Given information

____

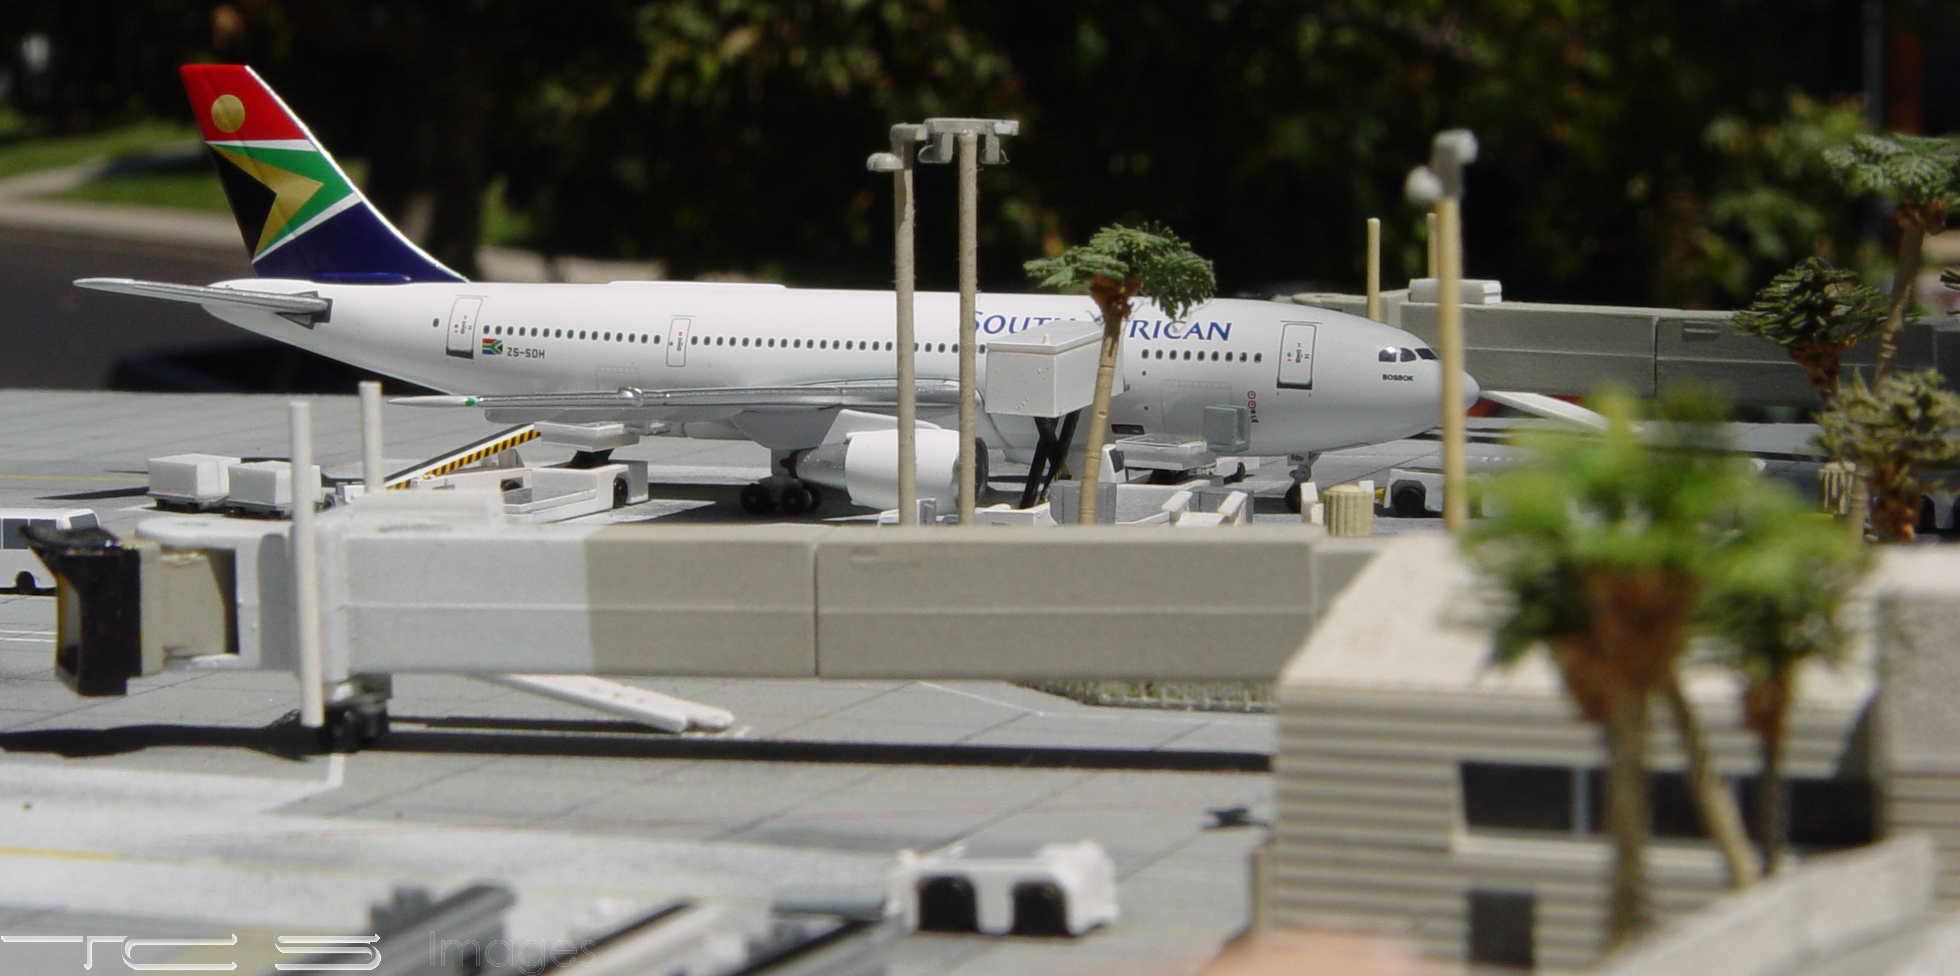 South African Airways A300B4-203
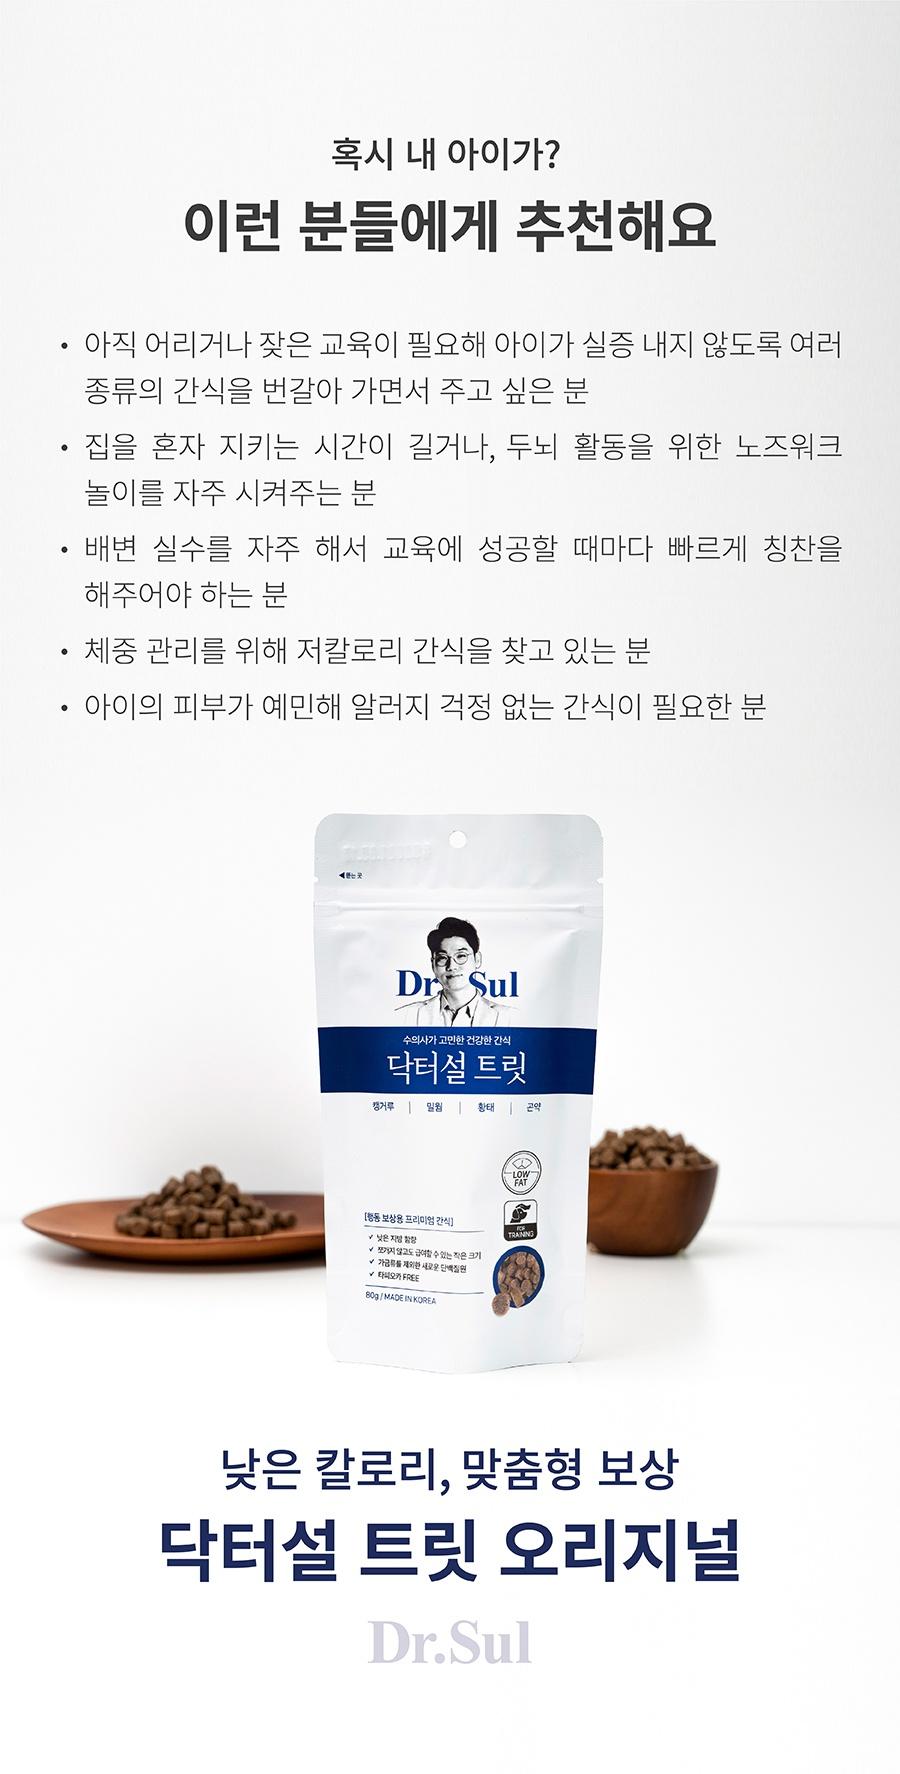 [EVENT] 닥터설 트릿-상품이미지-2
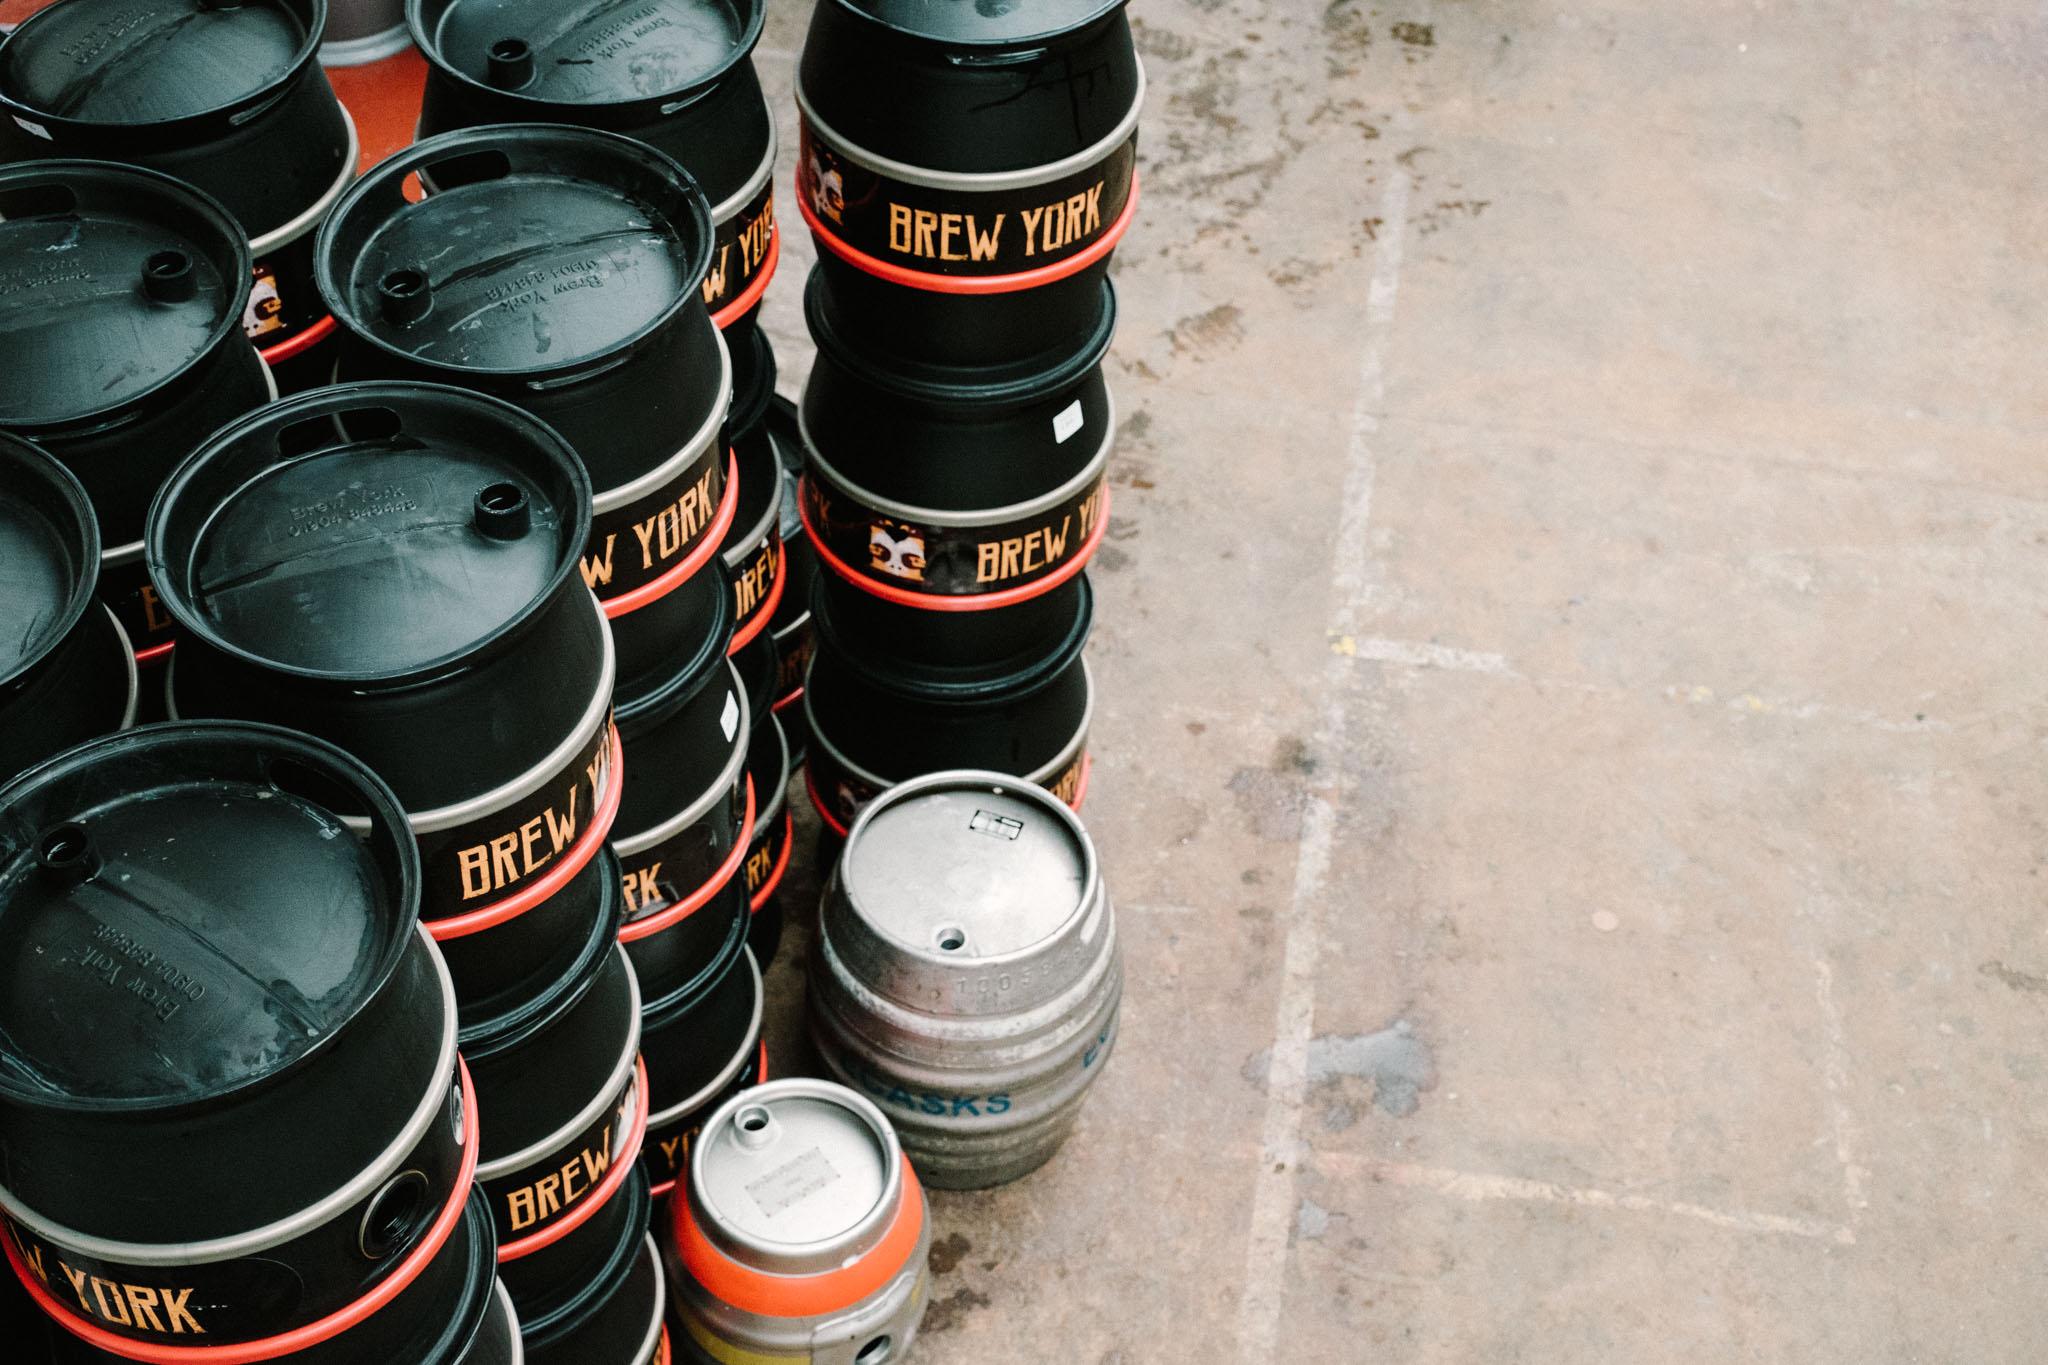 brew-york-160720-141448.jpg

____

What you are asked to do
Your copy should hold all the data word for word. It should hold no pictures.

Solution for this exercise
 South African Airways A300B4-203
 [EVENT] 닥터설 트릿-상품이미지-2
 brew-york-160720-141448.jpg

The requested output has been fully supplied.